This notebook will cover the usage of RegexMatcher.

**📖 Learning Objectives:**

1. Understand how to match exact phrases by using regex patterns.

2. Become comfortable using the different parameters of the annotator.

**🔗 Helpful Links:**

For extended examples of usage, see the [Spark NLP Workshop Repository](https://github.com/JohnSnowLabs/spark-nlp-workshop/blob/master/tutorials/Certification_Trainings/Healthcare/40.Rule_Based_Entity_Matchers.ipynb)

- Python Docs : [RegexMatcherInternal](https://nlp.johnsnowlabs.com/licensed/api/python/reference/autosummary/sparknlp_jsl/annotator/regex/regex_matcher/index.html)

- Scala Docs : [RegexMatcherInternal](https://nlp.johnsnowlabs.com/licensed/api/com/johnsnowlabs/nlp/annotators/regex/RegexMatcherInternal.html)

Reference Documentation: [RegexMatcherInternal](https://nlp.johnsnowlabs.com/docs/en/licensed_annotators#regexmatcherinternal)

## **📜 Background**

The **`RegexMatcherInternal`** class implements an internal annotator approach to match a set of regular expressions with a provided entity. This approach is utilized for associating specific patterns within text data with predetermined entities, such as dates, mentioned within the text.

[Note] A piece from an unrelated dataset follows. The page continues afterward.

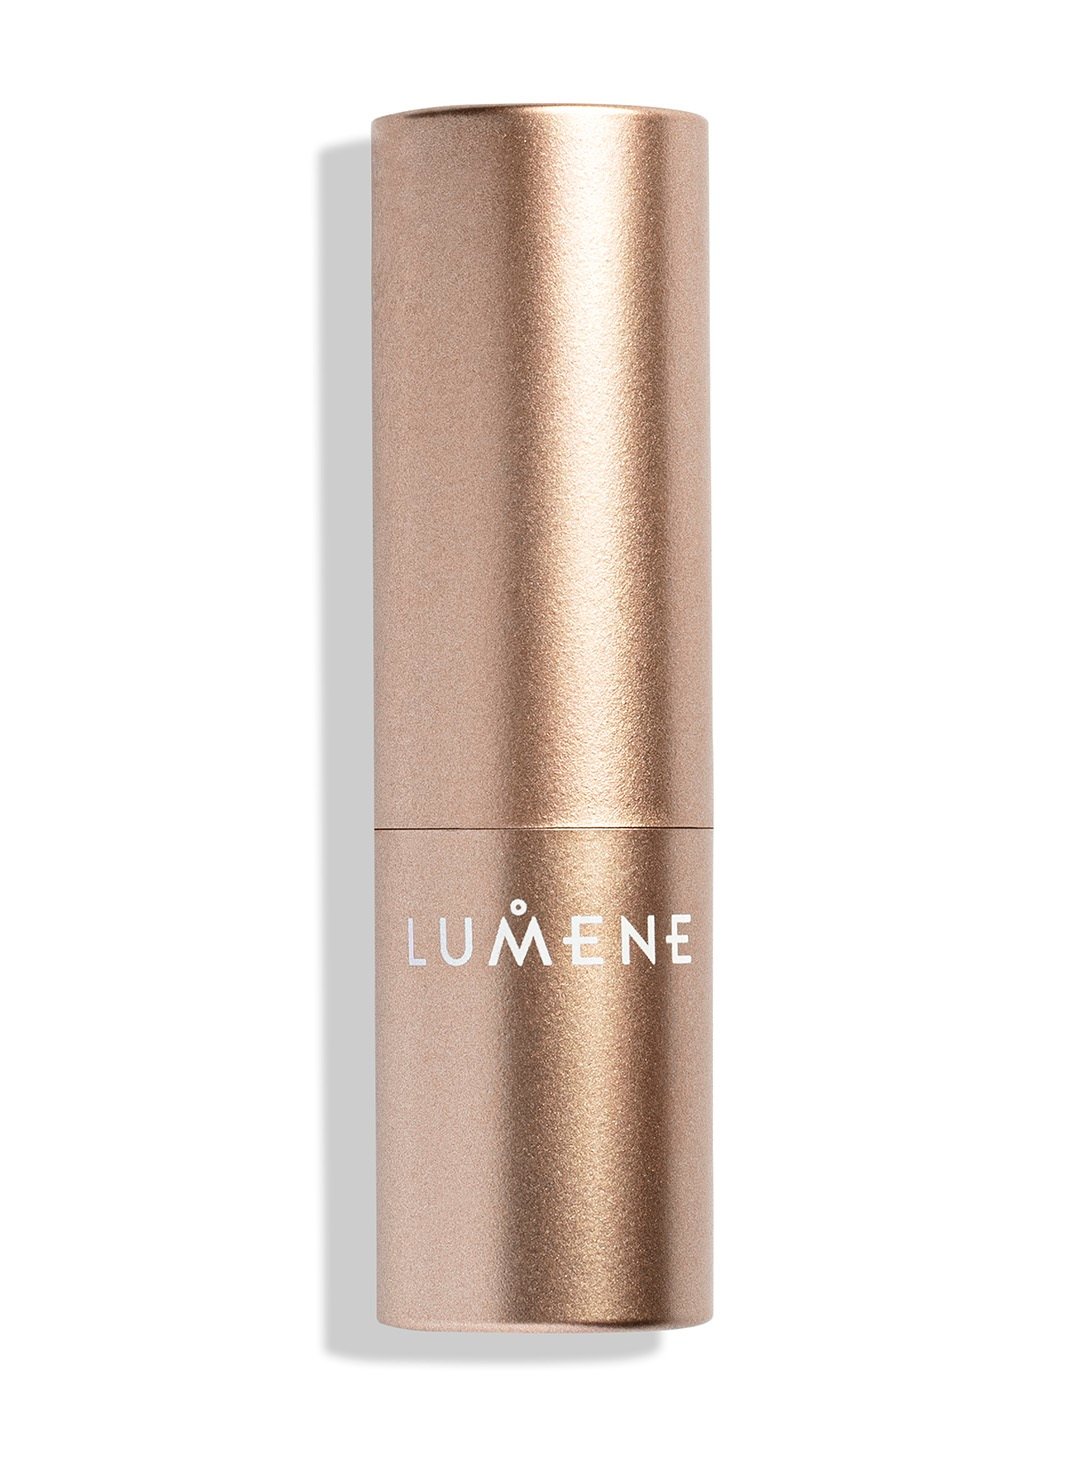 Увлажняющая помада с матовым эффектом Lumene Luminous, тон 104 (Rose), 4.7 г (8000019685938) - фото 2

The class allows users to define rules using regular expressions paired with entities, offering flexibility in customization. These rules can either be directly set using the `setRules` method, with a specified delimiter, or loaded from an external file using the `setExternalRules` method.

Additionally, users can specify parameters such as the matching strategy (`MATCH_FIRST`, `MATCH_ALL`, or `MATCH_COMPLETE`) to control how matches are handled. The output annotation type is `CHUNK`, with input annotation types supporting `DOCUMENT`. This class provides a versatile tool for implementing entity recognition based on user-defined patterns within text data.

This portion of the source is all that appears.